Вся палата смотрела на нас с любопытством. Должно быть, по этой причине он сначала говорил только о моём здоровье. Но когда все занялись своими делами, он стал меня ругать. О, как он меня ругал! Как по-писаному, он рассказал мне всё, что я о нём думал, и объявил, что я обязан был явиться к нему и сказать: «Иван Павлыч, вы — подлец», если я думал, что он подлец. А я этого не сделал, потому что я — типичный индивидуалист. Он немного смягчился, когда, совершенно убитый, я спросил:

— Иван Павлыч, а что такое индиалист?

Словом, он ругал меня, пока не кончились приёмные часы. Однако, прощаясь, он крепко пожал мне руку и сказал, что ещё зайдёт.

— Когда?

— На днях. У меня с тобой серьёзный разговор. А пока подумай.

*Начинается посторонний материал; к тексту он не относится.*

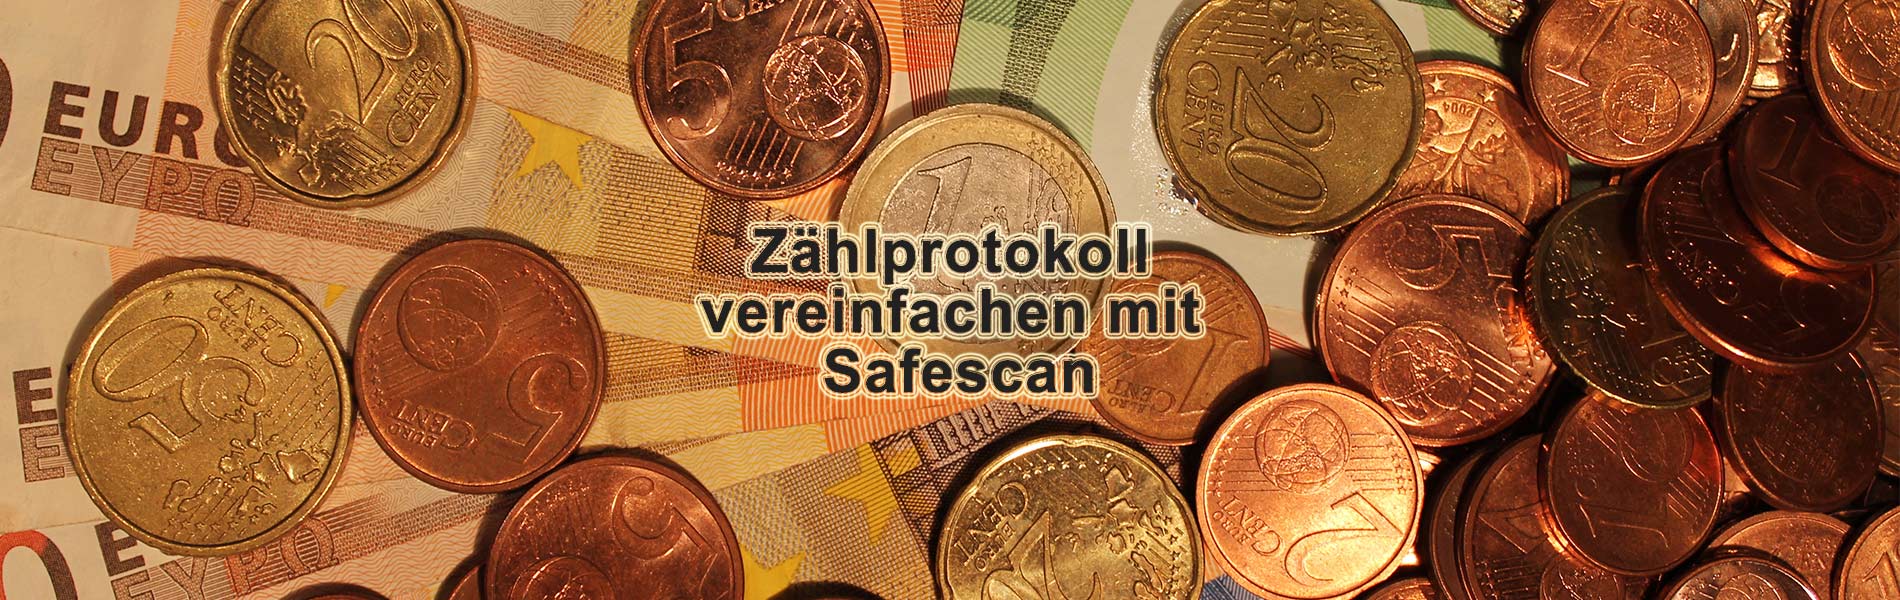 Zählprotokoll vereinfachen mit Safescan Geldzählmaschine inkl. Thermodrucker

К сожалению, он не сказал, о чём мне думать, и мне пришлось думать о чём попало. Я вспоминал Энск, Сковородникова, тётю Дашу и решил, что, как только поправлюсь, напишу в Энск. Не вернулся ли Петька? О Петьке я думал очень часто. Окна нашей палаты выходили в сад, и видны были вершины деревьев, качавшиеся от ветра. По вечерам, когда все засыпали, я слышал, как они шумят, и мне казалось, что Петька, так же как я, лежит где-то на белой койке, думает, слушает, как шумят деревья. Где он теперь? Быть может, Туркестан не понравился ему и он удрал куда-нибудь в Перу? Вдруг Петька — в Перу? Как Васко Нуньес Бальбоа, он стоит на берегу Тихого океана в латах, с мечом в руке. Едва ли. Но всё-таки, кто знает, где он побывал, пока я, как пай-мальчик, жил в детском доме.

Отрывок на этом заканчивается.